TASK INSTRUCTIONS | With the exception of the pictures, write out the data below precisely.

THE DATA |
*** Begin section ***
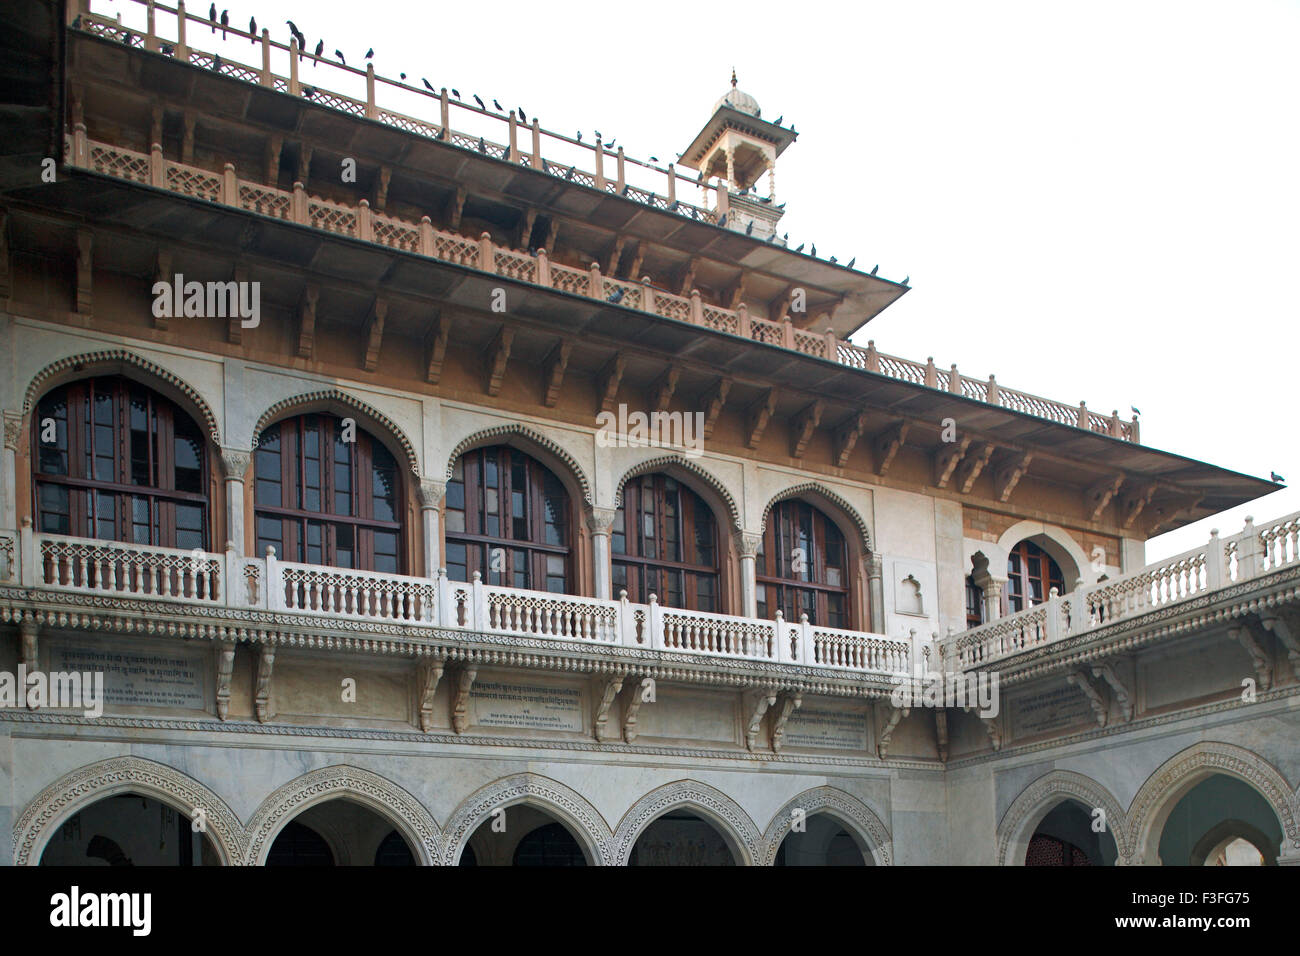 Immeuble du patrimoine britannique des Indes Musée Central Albert Museum à Ram Niwas jardin public ; ; ; Inde Rajasthan Jaipur Banque D'Images
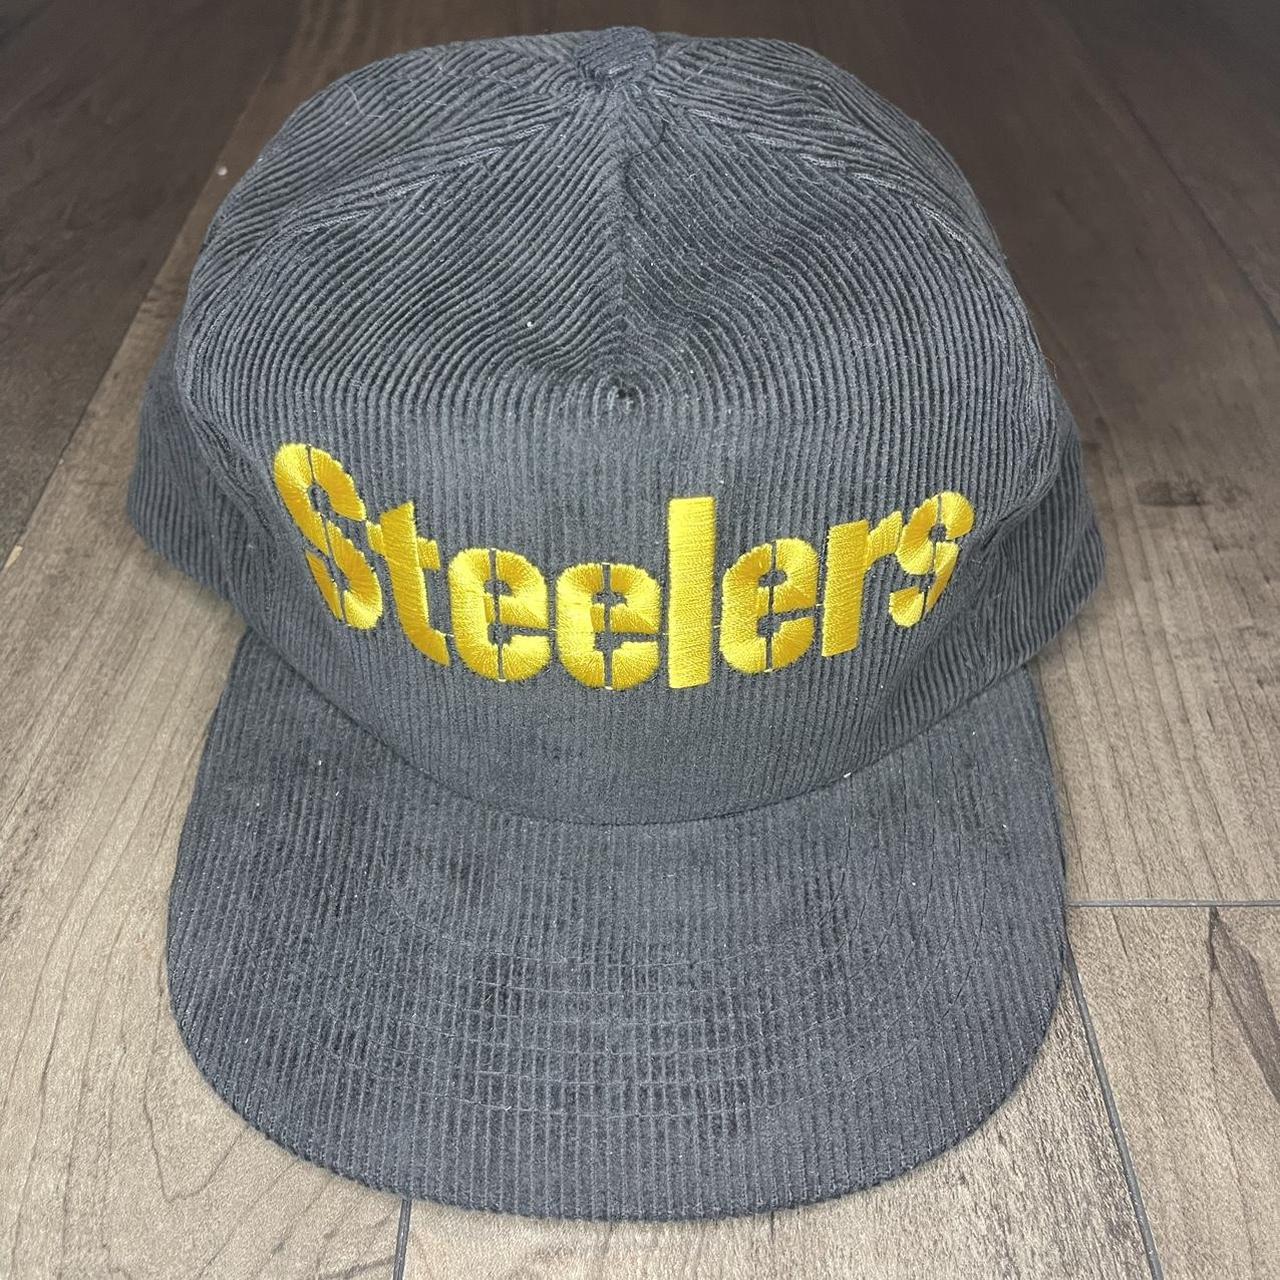 steelers corduroy hat
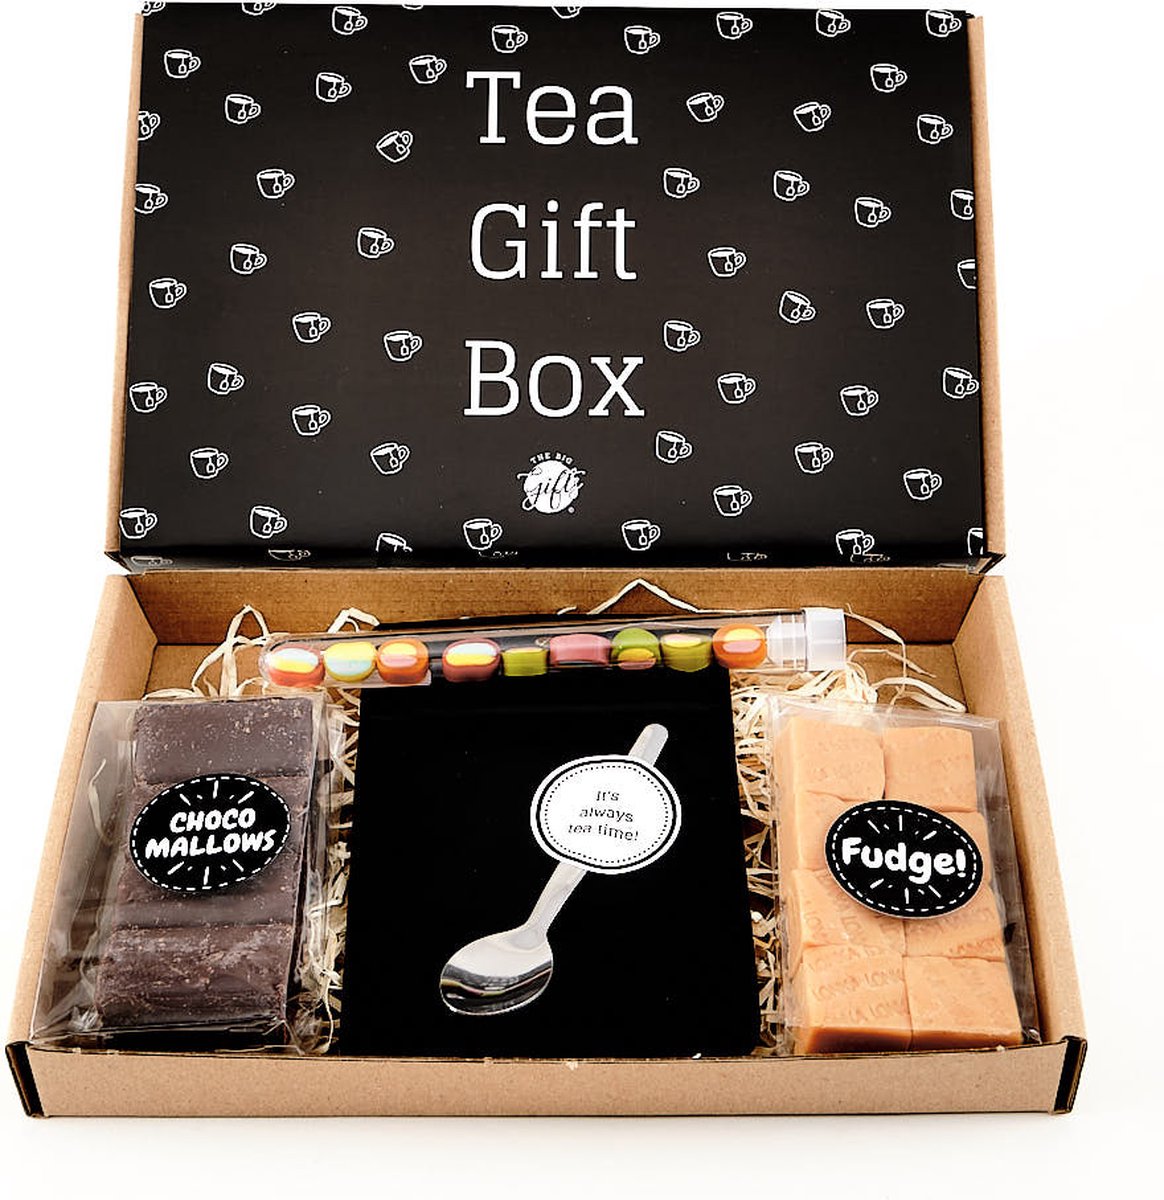 Brievenbuspakket tea gift box - Cadeau - THEE - Brievenbus pakket - The Big Gifts -chocolade- eten-pasen - snoep - cadeau voor man - cadeau voor vrouw - gift -  cadeaupakket - Moederdag - Vaderdag - giftset - cadeaubox - Merkloos
*** End section ***
TASK RESPONSE |
 Immeuble du patrimoine britannique des Indes Musée Central Albert Museum à Ram Niwas jardin public ; ; ; Inde Rajasthan Jaipur Banque D'Images
 steelers corduroy hat
 Brievenbuspakket tea gift box - Cadeau - THEE - Brievenbus pakket - The Big Gifts -chocolade- eten-pasen - snoep - cadeau voor man - cadeau voor vrouw - gift -  cadeaupakket - Moederdag - Vaderdag - giftset - cadeaubox - Merkloos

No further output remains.